- **TASK DETAILS**: Restate the data word for word. Leave the pictures out.

- **PROVIDED MATERIAL**:
□ □ □ □ □
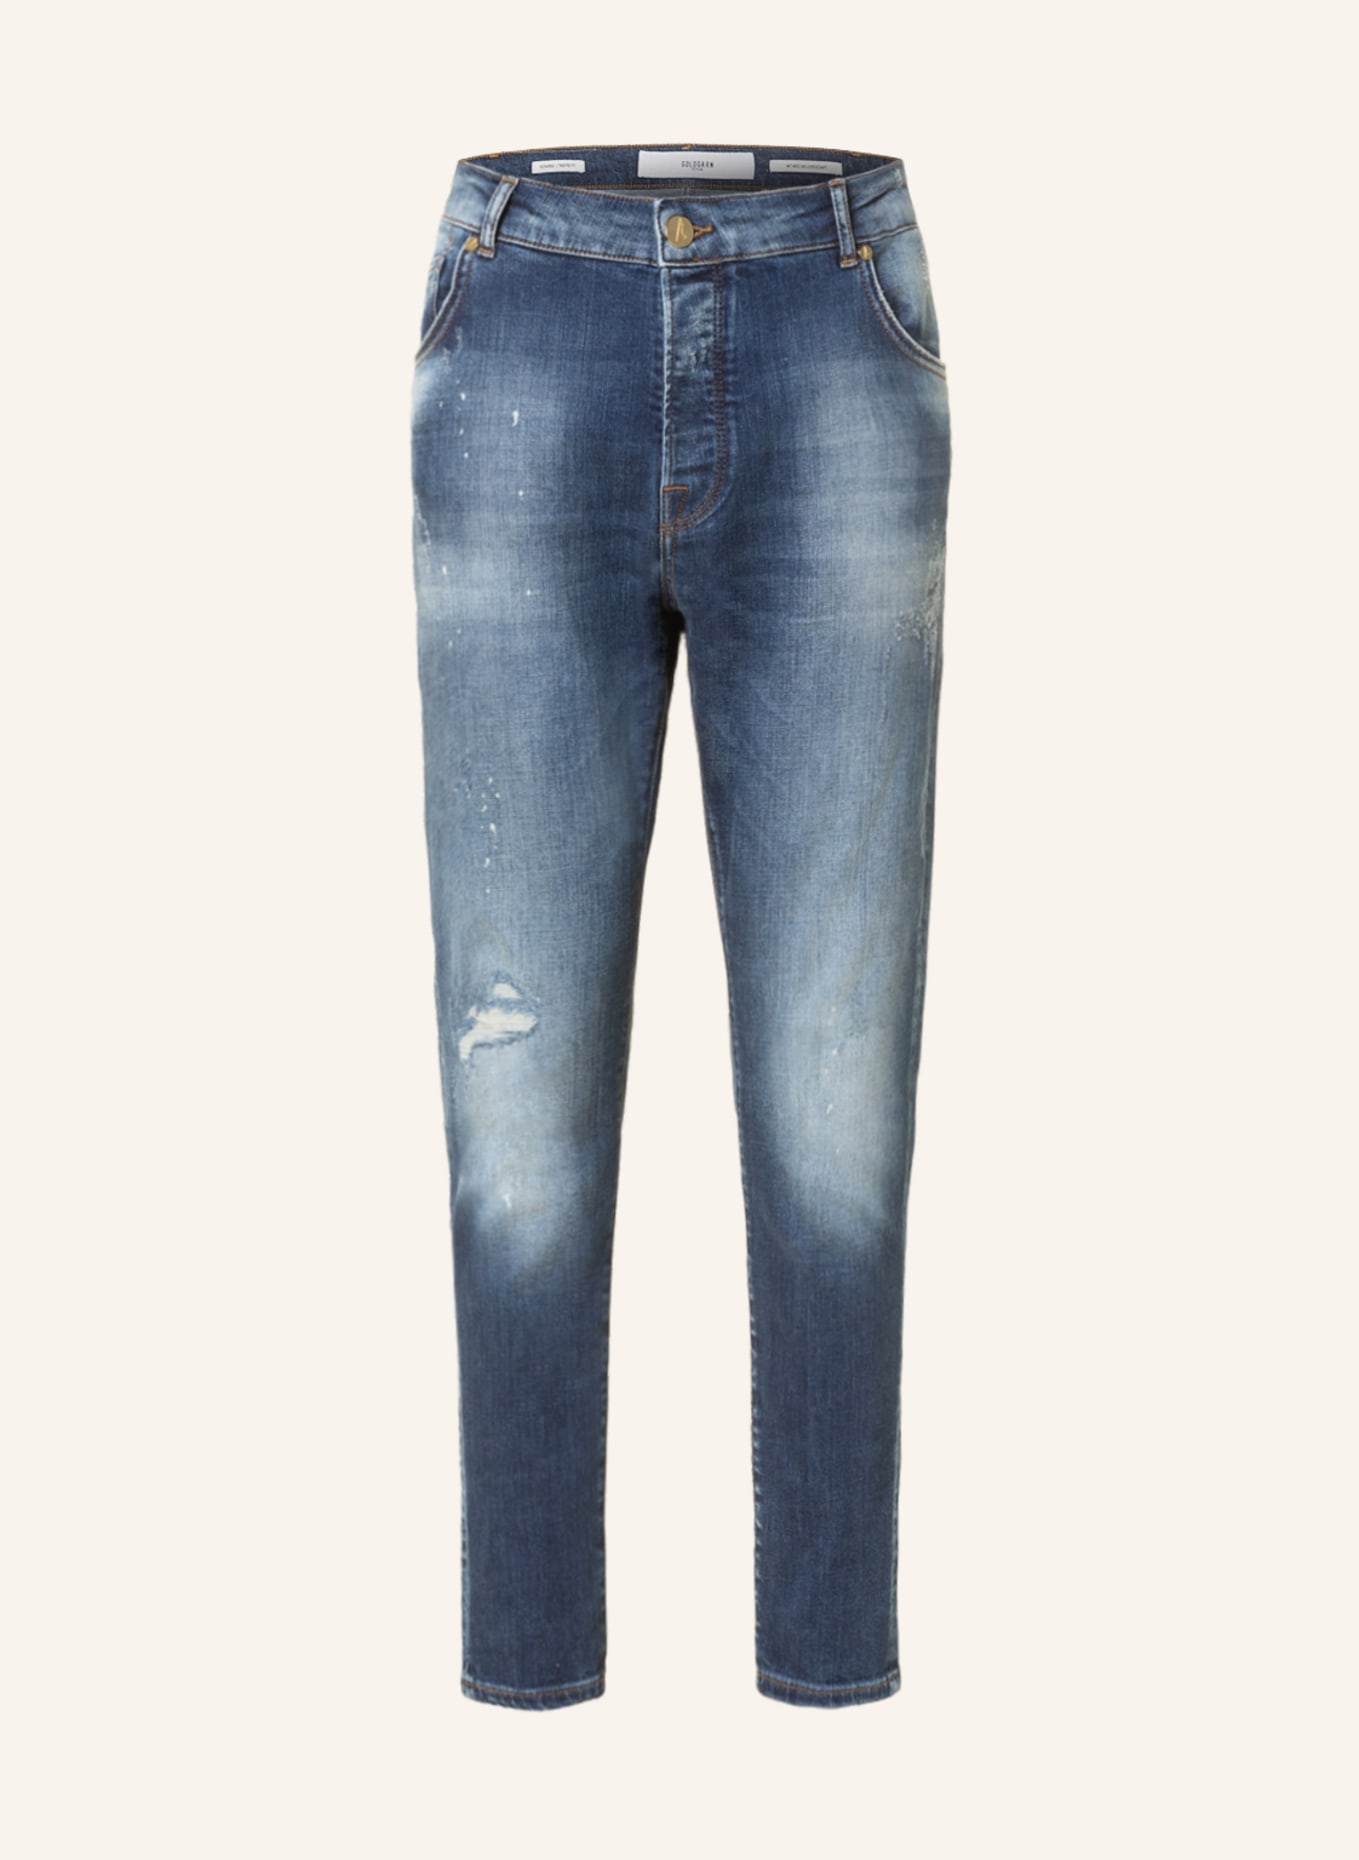 GOLDGARN DENIM Jeans NECKARAU twisted fit, Color: 1090 MID BLUE (Image 1)
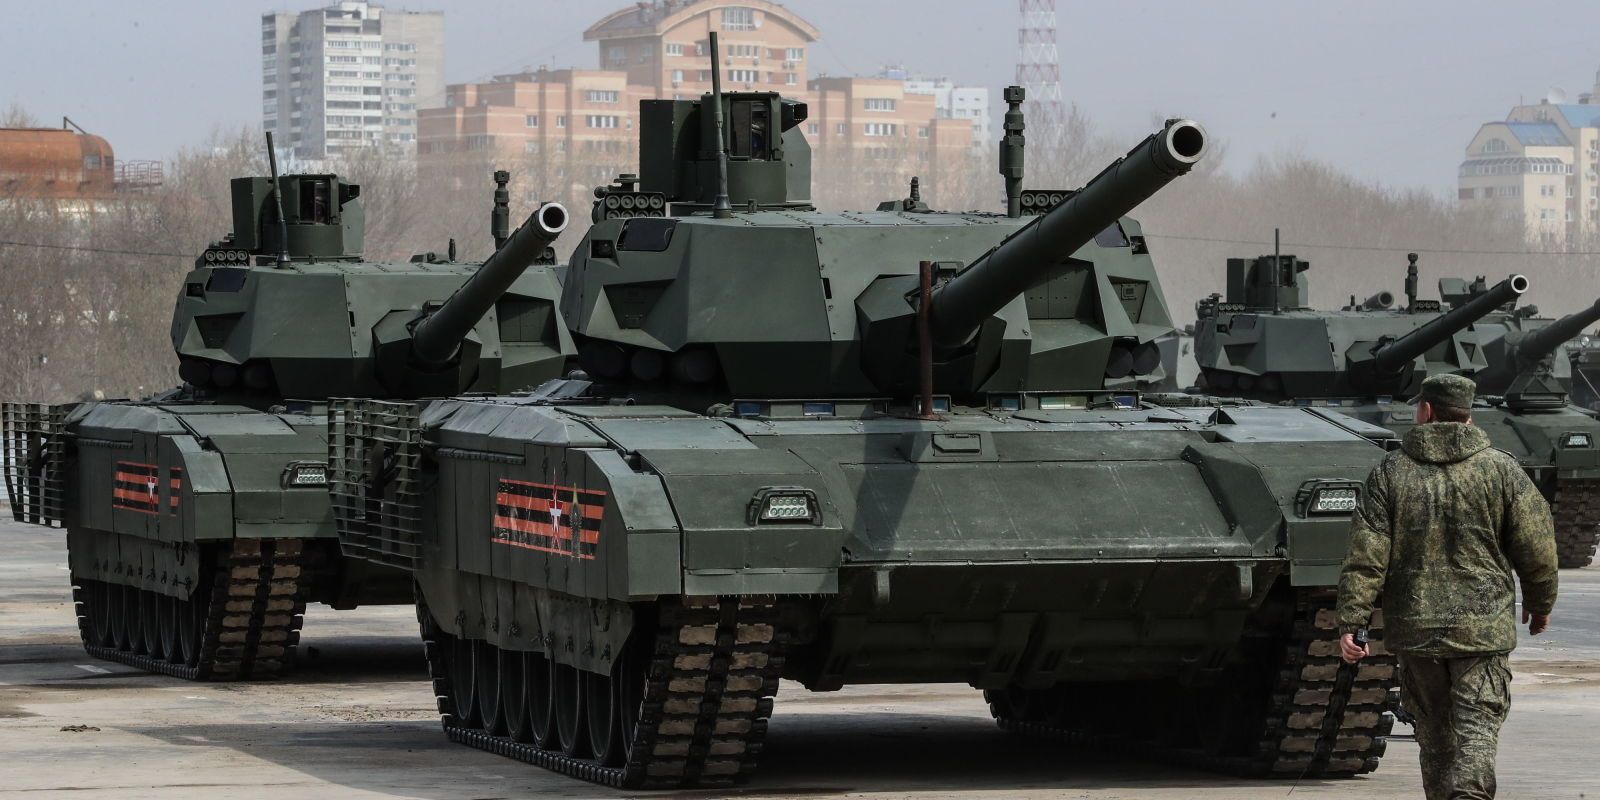 Se retrasa la producción del moderno tanque ruso T-14 Armata debido a su  alto coste. – Galaxia Militar
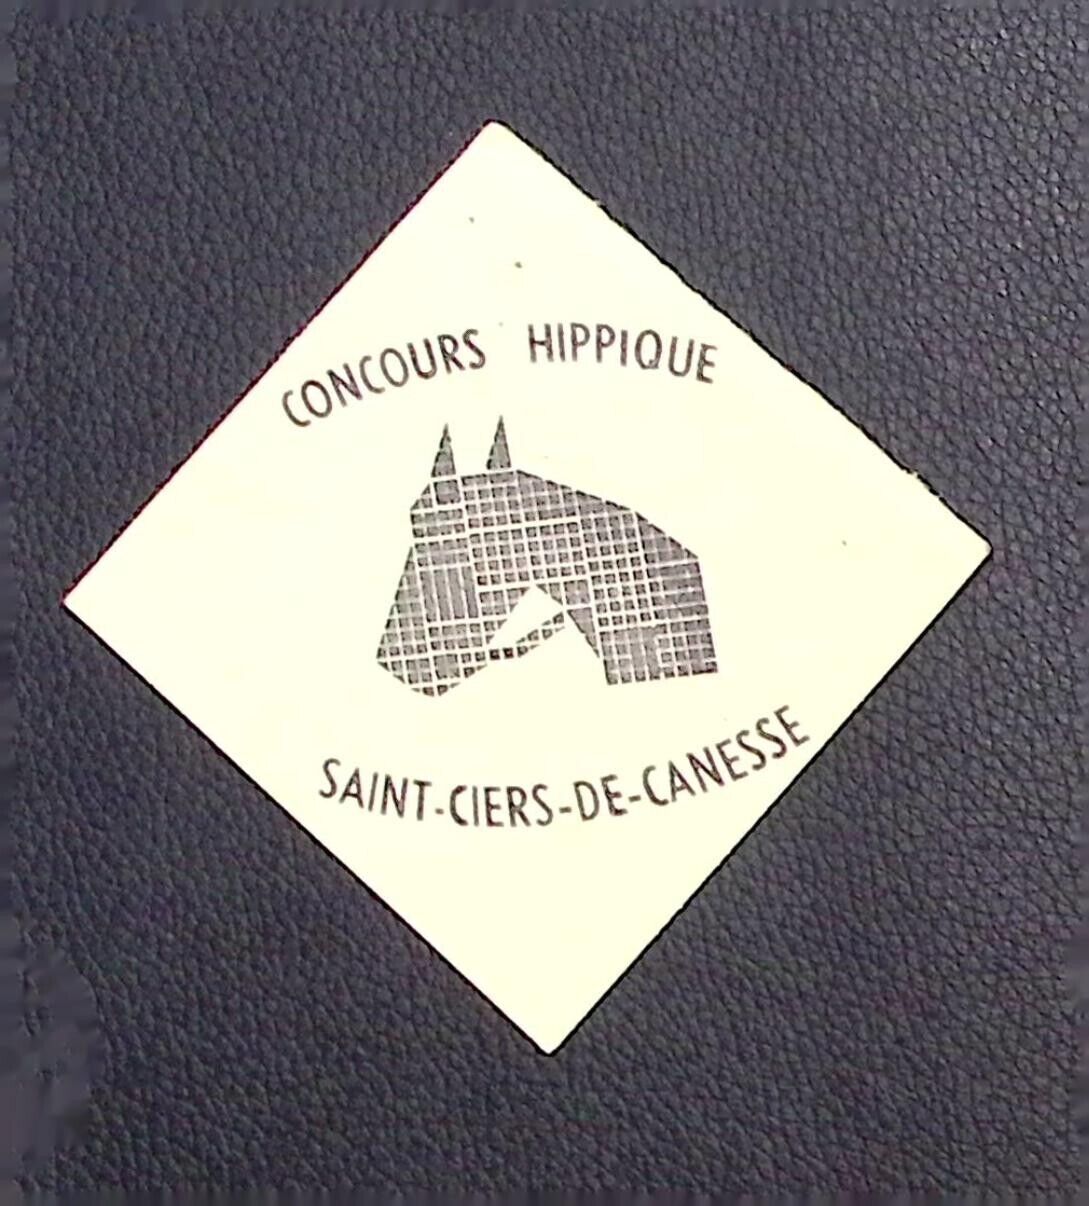 French Horse Contest Concours Hippique Saint Ciers de Canesse Paper Card
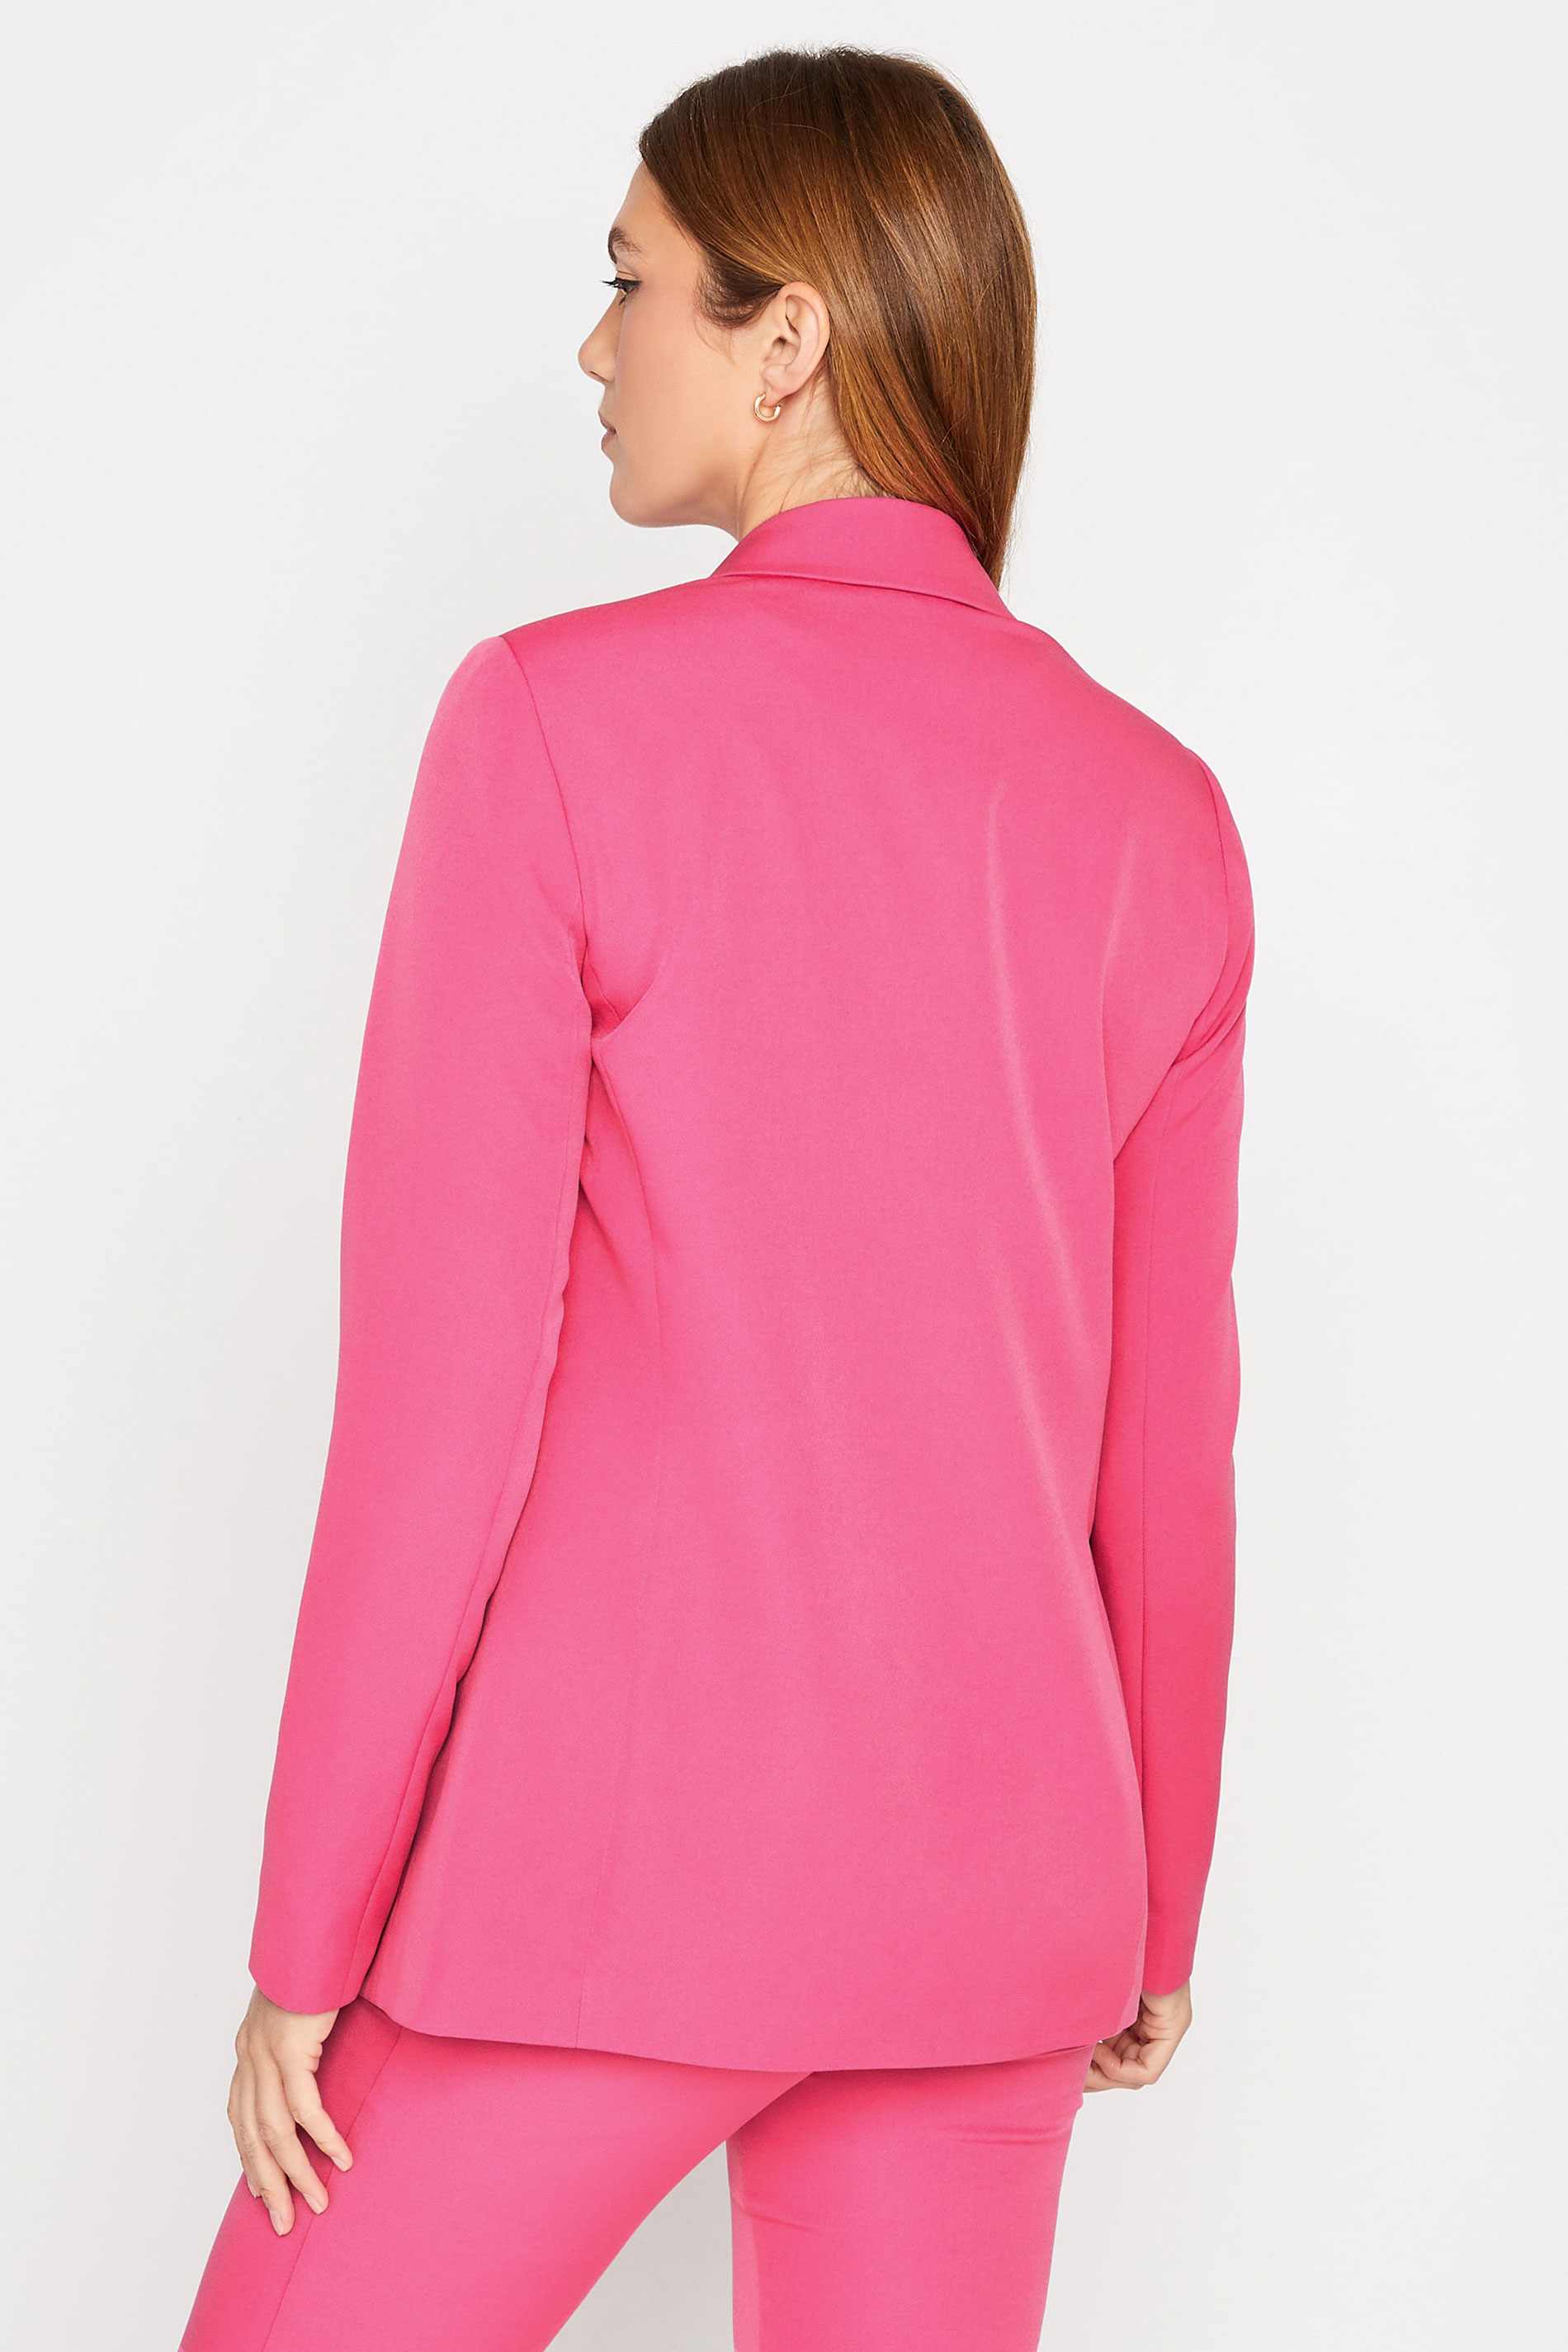 LTS Tall Women's Pink Tailored Blazer | Long Tall Sally  3
□ □ □ □ □
- **RESPONSE**:
 GOLDGARN DENIM Jeans NECKARAU twisted fit, Color: 1090 MID BLUE (Image 1)
 Se retrasa la producción del moderno tanque ruso T-14 Armata debido a su  alto coste. – Galaxia Militar
 French Horse Contest Concours Hippique Saint Ciers de Canesse Paper Card
 LTS Tall Women's Pink Tailored Blazer | Long Tall Sally  3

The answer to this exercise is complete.